A popular technique for enhancing artificial intelligence efficiency presents drawbacks.
One of the most common techniques to optimize the efficiency of artificial intelligence models, quantization, has certain limitations, and the industry may be close to reaching them.
One of the most commonly used techniques to increase the efficiency of artificial intelligence models is quantization, although it has its limits, and the industry may be approaching them. In the realm of AI, quantization involves reducing the number of bits needed to represent information, similar to how one might respond to the question of the time. Instead of a detailed answer, simpler formulas are chosen that, while correct, encompass less detail. The need for precision varies depending on the context.
AI models are composed of different elements that can be quantized, especially the parameters, which are the internal variables that the models use to make predictions or decisions. This is practical, as models perform millions of calculations when executed. Quantized models, which use fewer bits to represent their parameters, require less mathematical demand and, therefore, fewer computational resources. It is important to clarify that this process is distinct from "distillation," which involves a more specific pruning of parameters.
However, quantization can lead to more drawbacks than previously thought. A study conducted by researchers from several prestigious universities indicates that quantized models experience inferior performance if the original unquantized version was trained for a long time with large volumes of data. This suggests that, in certain cases, it may be preferable to train a smaller model rather than reduce a larger one, which could be problematic for AI companies that train extremely large models in the hope of improving answer quality and then attempt to quantize them to reduce costs.
These effects are already beginning to be observed. Recently, it was reported that the quantization of Meta's Llama 3 model was found to be "more detrimental" compared to other models, possibly due to its training process. Tanishq Kumar, a Harvard mathematics student and lead author of the study, expressed that the main cost in AI is inference, and his research shows that one of the ways to reduce it may not be sustainable in the long run.

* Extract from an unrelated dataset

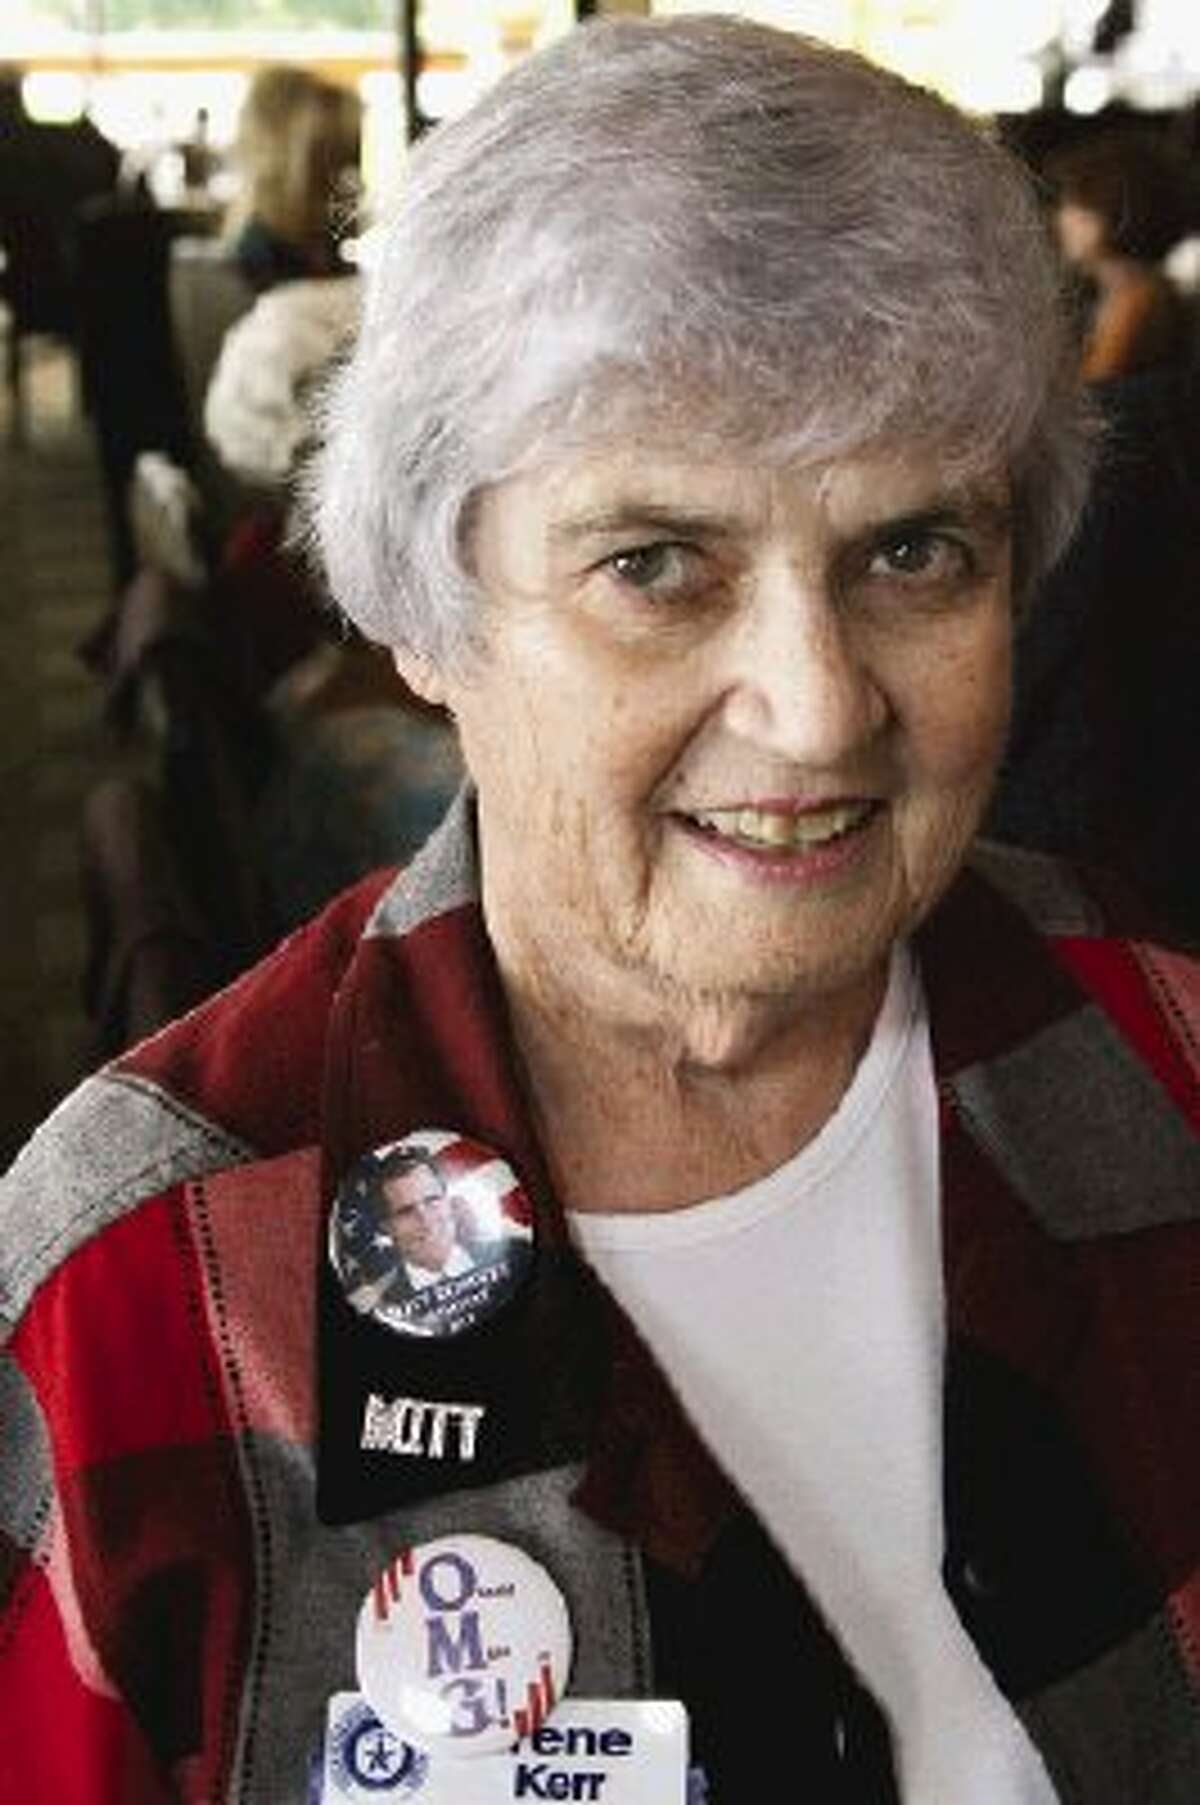 Irene Kerr, deputy president of the Texas Federation of Republican Women, shows off her campaign buttons and election jewelry in support of presidential candidate Mitt Romney.

Contrary to what one might think, the inference cost of an AI model, such as when ChatGPT responds to a question, is often higher than the training cost of the model. For example, it is estimated that Google spent around 191 million dollars to train one of its most prominent models, while using that model to generate 50-word answers to half of the search queries would cost them nearly 6 billion dollars a year.
AI labs have adopted the strategy of training models on massive datasets under the belief that "scaling" the data and computational power used in training will translate into more competent AI. For instance, Meta trained Llama 3 with a dataset of 15 trillion tokens, compared to the 2 trillion used to train the previous generation, Llama 2. However, there is evidence suggesting that scaling may eventually yield diminishing returns, as seen in recent models trained by Anthropic and Google that did not meet internal expectations.
In light of the labs' resistance to training models with smaller datasets, the question arises whether there are ways to make models less susceptible to degradation. Kumar suggests that training models in "low precision" could make them more robust. The term "precision" refers to the number of digits that a type of numerical data can accurately represent. Most current models are trained with a precision of 16 bits and then quantized to 8 bits. This conversion involves a loss of precision in some components of the model (such as its parameters), which can be understood as rounding certain calculations.
Hardware manufacturers, like Nvidia, promote the use of lower precision in the inference of quantized models, and their new Blackwell chip supports 4-bit precision. However, Kumar warns that unless the original model has a remarkably large number of parameters, using precisions lower than 7 or 8 bits can lead to a significant decrease in quality.
Despite the technical complexity of the study, the underlying message is that AI models are not fully understood and that common solutions that work in other types of calculations may not be effective here. Kumar emphasizes that there are limits to the optimizations that can be made and that his work aims to add nuance to the discussions about the use of increasingly low precisions for training and inference of models. Although his study has a relatively small scope, they plan to conduct more tests in the future, trusting that the learning gained will endure: there are no free alternatives when it comes to reducing inference costs.